For these reasons, some waveguide geometries may be more ideal at very high frequencies and for very high data rate applications as they can be designed to allow single-mode routing. Some of these alternative routing geometries are:

  • Substrate integrated waveguide. Take a look at this article to learn more about these structures. I’ve used these with a slot in the surface to couple to a conventional microwave waveguide flange. 
  • Rectangular stripline waveguide. This waveguide style has a stripline routed inside a substrate integrated waveguide. The via wall in this waveguide provides high isolation and allows diverse mode selection. 
  • Mode-selective transmission line. This is a variation on coplanar waveguide routing and provides many of the same advantages.

If you look in the research literature, these alternative routing styles have been around for a long time and have shown their feasibility for routing up to hundreds of GHz. These waveguide structures are simple to produce with standard fabrication techniques, but even they have limits once we get to extremely high frequencies. Among these, a mode-selective transmission line (MSTL) can be easily produced with a grounded coplanar waveguide geometry (GCPW) as shown below.

Mode-selective transmission line dimensions
Grounded coplanar waveguide (GCPW) and mode-selective transmission line (MSTL). Illustration source: V. Heyfitch and Y. Shlepnev. "Design insights from electromagnetic analysis and measurements of PCB and Package interconnects operating at 6-112 Gbps and beyond." DesignCon 2020.

This simple change in the width between vias isn’t the only difference between a grounded coplanar and mode-selective transmission line, but it does transition the structure from quasi-TEM to TE propagation.
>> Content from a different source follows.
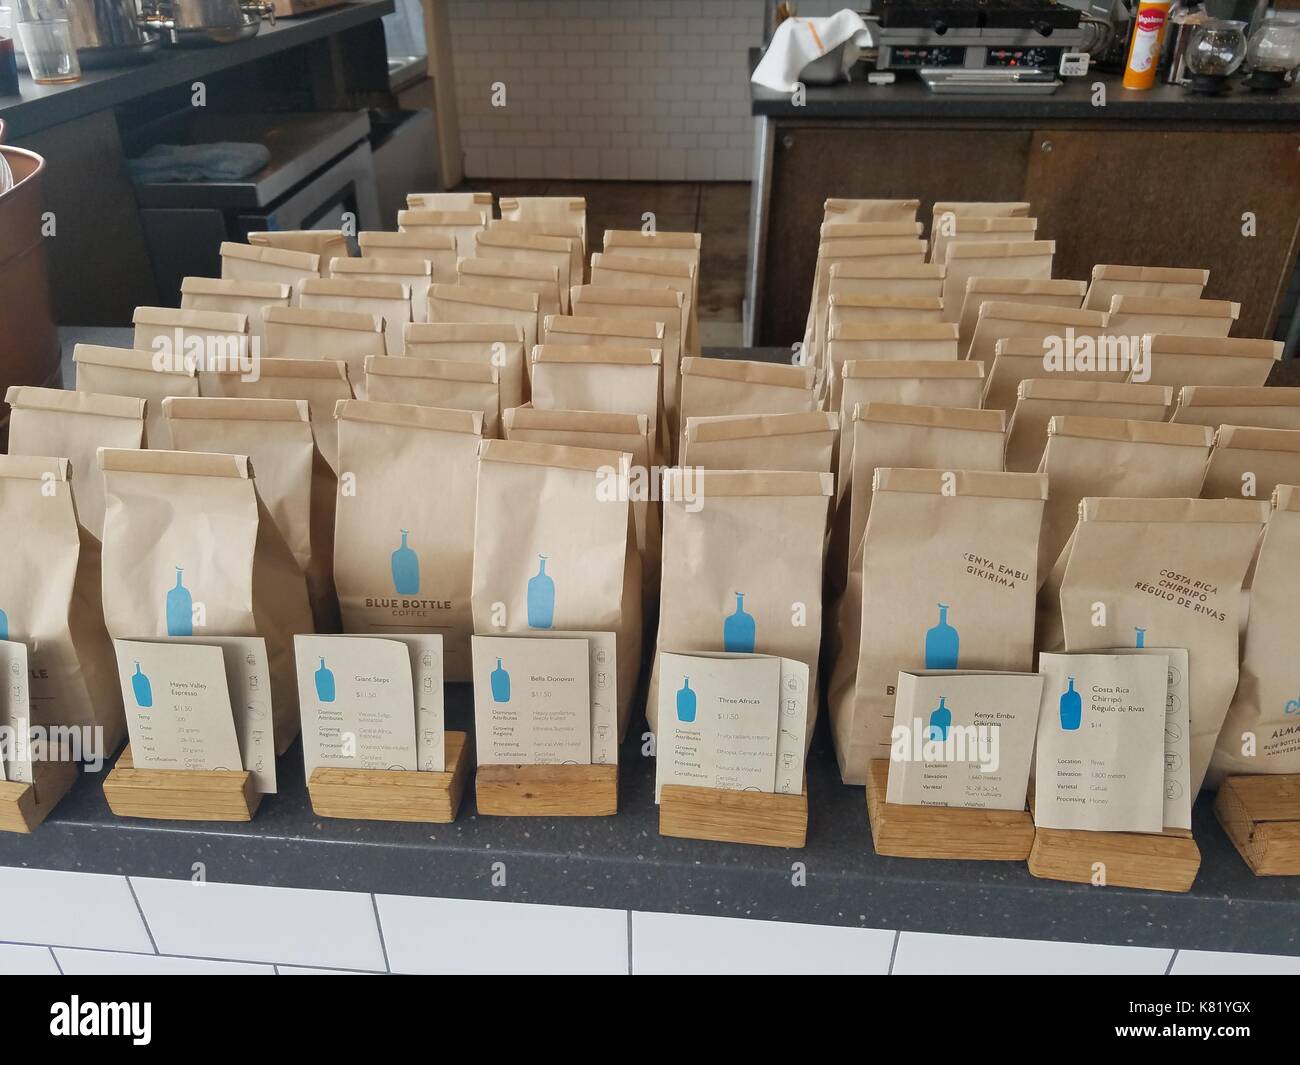 Los Angeles, SEP 17: Coffee beans package and interior view of the
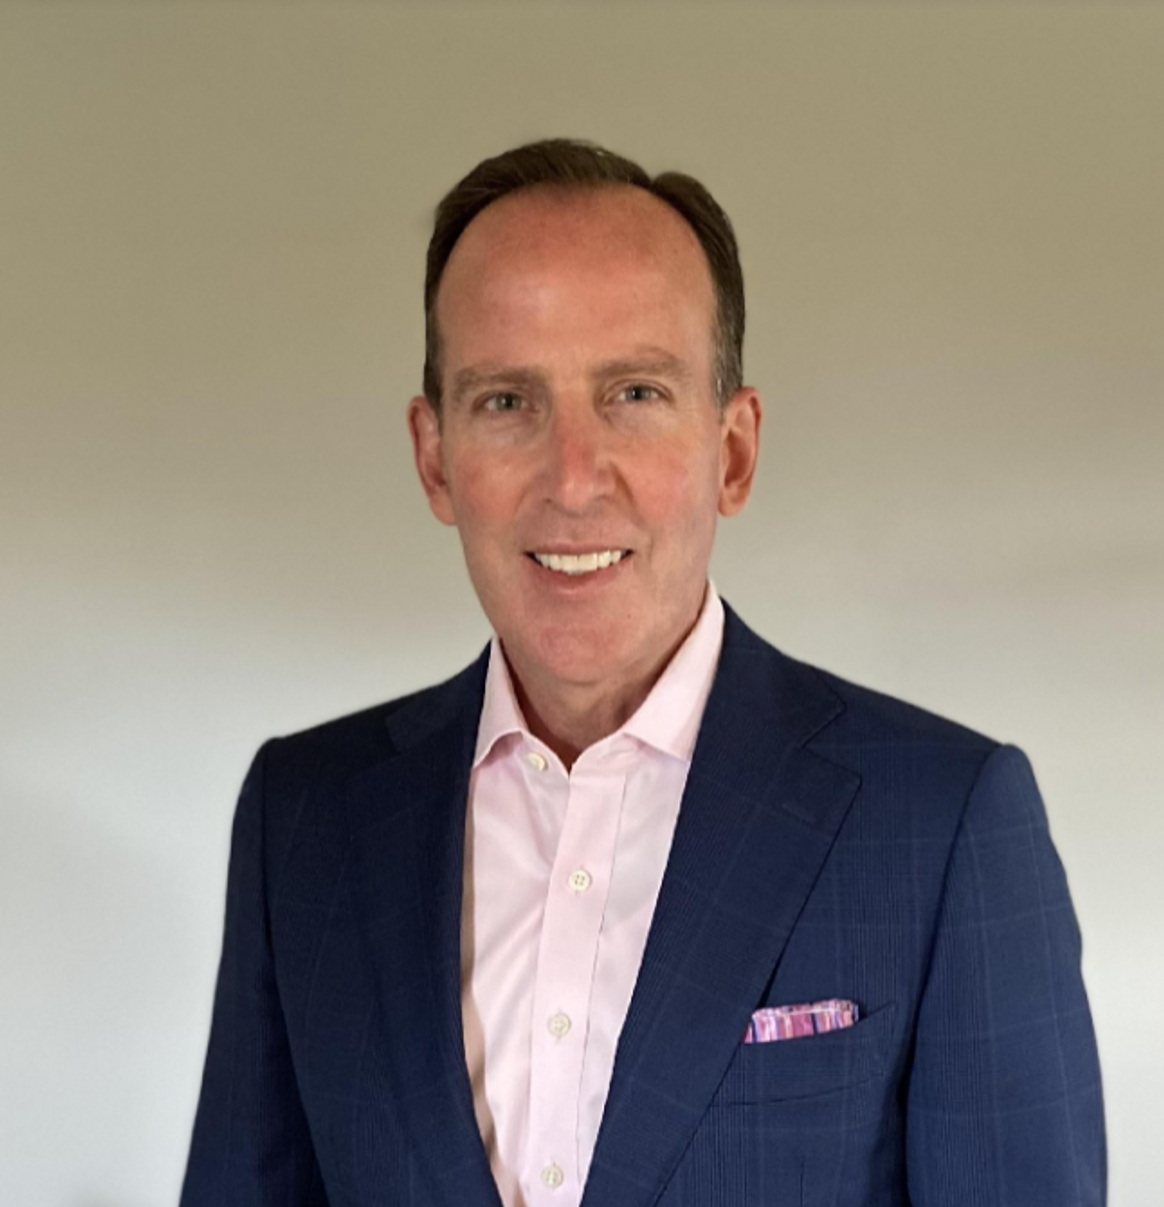 Patrick Donegan, Advisor to Inex One, Senior Managing Director at The Riverside Company and former Managing Director & General Manager of Americas Financial Services at GLG

Each higher order mode in the structure has a cutoff frequency, and simply exciting the structure above a cutoff will cause the electromagnetic field to propagate through the structure at the desired mode.

In a typical microstrip or stripline, you will eventually excite the parallel plate waveguide modes. Unfortunately, in these geometries, there is no way to suppress these modes except to make the laminate thinner, which will eventually reach its limit and isn’t applicable in all designs. This possibility of higher order mode excitation is one of the fundamental limits on TEM transmission lines.

In contrast, waveguides can be tuned to allow or suppress various modes by selecting the appropriate geometry. The structure of a mode-selective transmission line gives it the following characteristics:

  • High isolation. This is the primary benefit of routing in any waveguide, including a mode-selective transmission line. The grounded via fence along the edge provides shielding from other traces.
  • Mode suppression. Modes in a mode-selective transmission line are a combination of a substrate integrated waveguide mode and quasi-TEM mode for the center conductor. The via fence spacing along the edge can be used to suppress substrate waveguide modes to ensure single-mode propagation.
  • Broadband low dispersion. By suppressing a surface wave, you’ve ensured flat dispersion out to a higher bandwidth than in a microstrip or stripline. By keeping dispersion low over a broader bandwidth, there is less distortion and deviation from target impedance, which also suppresses intersymbol interference seen at a receiver. 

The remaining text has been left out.